Astım, kontrol altında tutulabilir | Türkiye Kliniği

Astım, akciğer içi hava yollarında daralmalara sebep olan, alevlenmelerle seyreden kronik bir akciğer hastalığıdır. Hastalık tekrarlayan nefes darlığı, nefes verirken ortaya çıkan hışıltı sesi, göğüste baskı hissi ve kuru öksürük gibi belirtilerle kendini gösterir.

Ülkemizde yaklaşık her 7-8 çocuktan biri astım hastasıdır. Astımın görülme sıklığı diğer alerjik hastalıklar gibi son yıllarda giderek artmaktadır. Hijyen hipotezine göre; aşırı steril ortamlarda büyüyen çocuklarda alerjik hastalıklar daha fazla görülmektedir. 
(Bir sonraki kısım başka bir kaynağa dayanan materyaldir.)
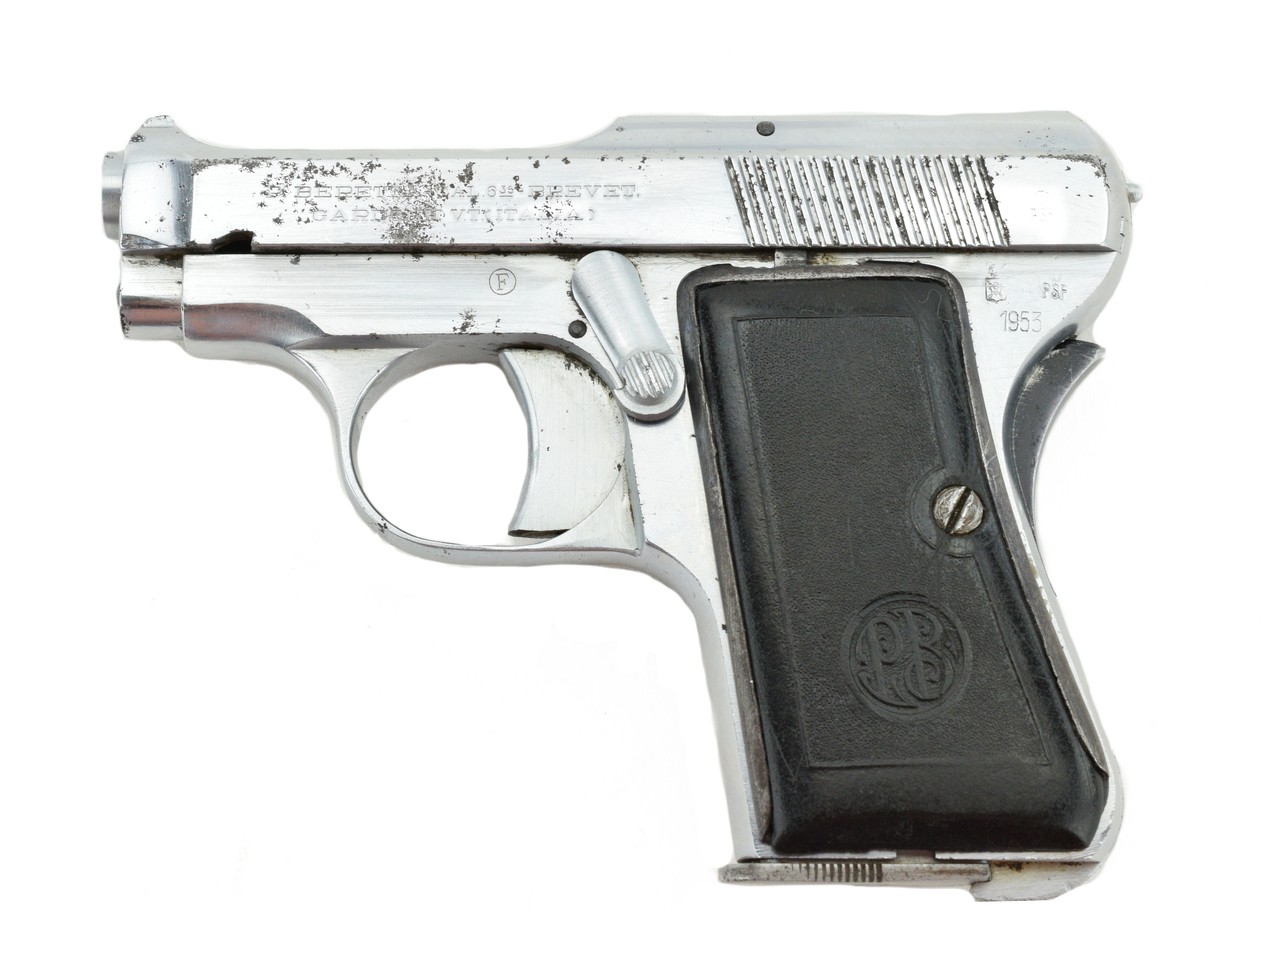 Beretta 1919 .25 ACP caliber pistol for sale.

Astım hastalığının ortaya çıkmasında çeşitli risk faktörleri vardır. Astımın niçin bazı bireylerde görülüp bazılarında görülmediği, işte bu risk faktörleriyle açıklanabilir. Bu faktörler kişiyle ve çevreyle ilgili olmak üzere iki gruptur. Kişisel risk faktörleri içinde ailesel kalıtım yani genetik yatkınlık ve şişmanlık sayılabilir. Çevresel risk faktörleri ise genetik olarak yatkın bireylerde astımın ortaya çıkması ve ağırlığı üzerinde rol oynar. Bunlar alerjenler, tekrarlayan akciğer enfeksiyonları, sürekli olarak sigara dumanına maruz kalma durumu yani pasif içicilik, bazı ilaçlar, iç ve dış ortam hava kirliliği ve beslenme tarzıdır. Alerjenler olarak ev tozu akarları, mantar sporları ve polenler en fazla görülenler arasında sayılabilir. 

İLAÇ ÖZEL CİHAZLA VERİLİR

Astım atağı, hastada giderek artan nefes darlığı, öksürük, hışıltı veya göğüste baskı hissinin ortaya çıkması olarak tanımlanır. Astım hastalığı bu şekilde ataklar ile seyreder ve ağırlığı çeşitli derecelerde olabilir. Sadece egzersiz sırasında ortaya çıkan basit öksürük nöbetleri ile seyredebildiği gibi, yoğun bakım tedavisine ihtiyaç duyabilecek seviyelere kadar ilerleyebilir. Yakınmaları astımla uyumlu olan hastalarda yapılan muayene, laboratuvar tetkikleri ve mümkün olabilirse solunum fonksiyon testleriyle teşhis koyulur. Tedavinin amacı hastalığın kontrol altına alınması ve bu stabil durumun idame ettirilmesidir. Dünyada olduğu gibi, ülkemizde de bu hastalığın tedavisiyle ilgili gerekli her türlü ilaç ve yardımcı cihazlar bulunmaktadır. Uygun ilaç tedavisiyle astımlılar okul dahil günlük hayatlarına, hastalık sebebiyle herhangi bir kısıtlanma olmadan devam edebilir. Astım ilaçlarının büyük bir kısmı soluk alma yoluyla kullanılan ilaçlardır ve daha az yan etkiyle direkt hava yollarında istenen tedavi edici etkiyi oluşturur. Özel cihazlarla verilirler. Tedaviye başlanırken bu özel cihazların kullanım şekli mutlaka hastalara uygun şekilde anlatılmalıdır.

SİGARA DUMANINA DİKKAT

Astımlı bir hastanın gündüzleri astım yakınmasının bulunmaması, gece astım sebepli uykudan uyanmaması, hastalığı tedavi eden ve kontrol altında tutan ilaçları kullanırken ayrıca sık olarak hızlı etkili nefes açıcı ilaçlara gereksiniminin olmaması, nefes ölçüm testlerinin normal olması ve günlük işlerini engellenmeden yapabilmesi hastalığın tam kontrol altında olduğunun göstergesidir.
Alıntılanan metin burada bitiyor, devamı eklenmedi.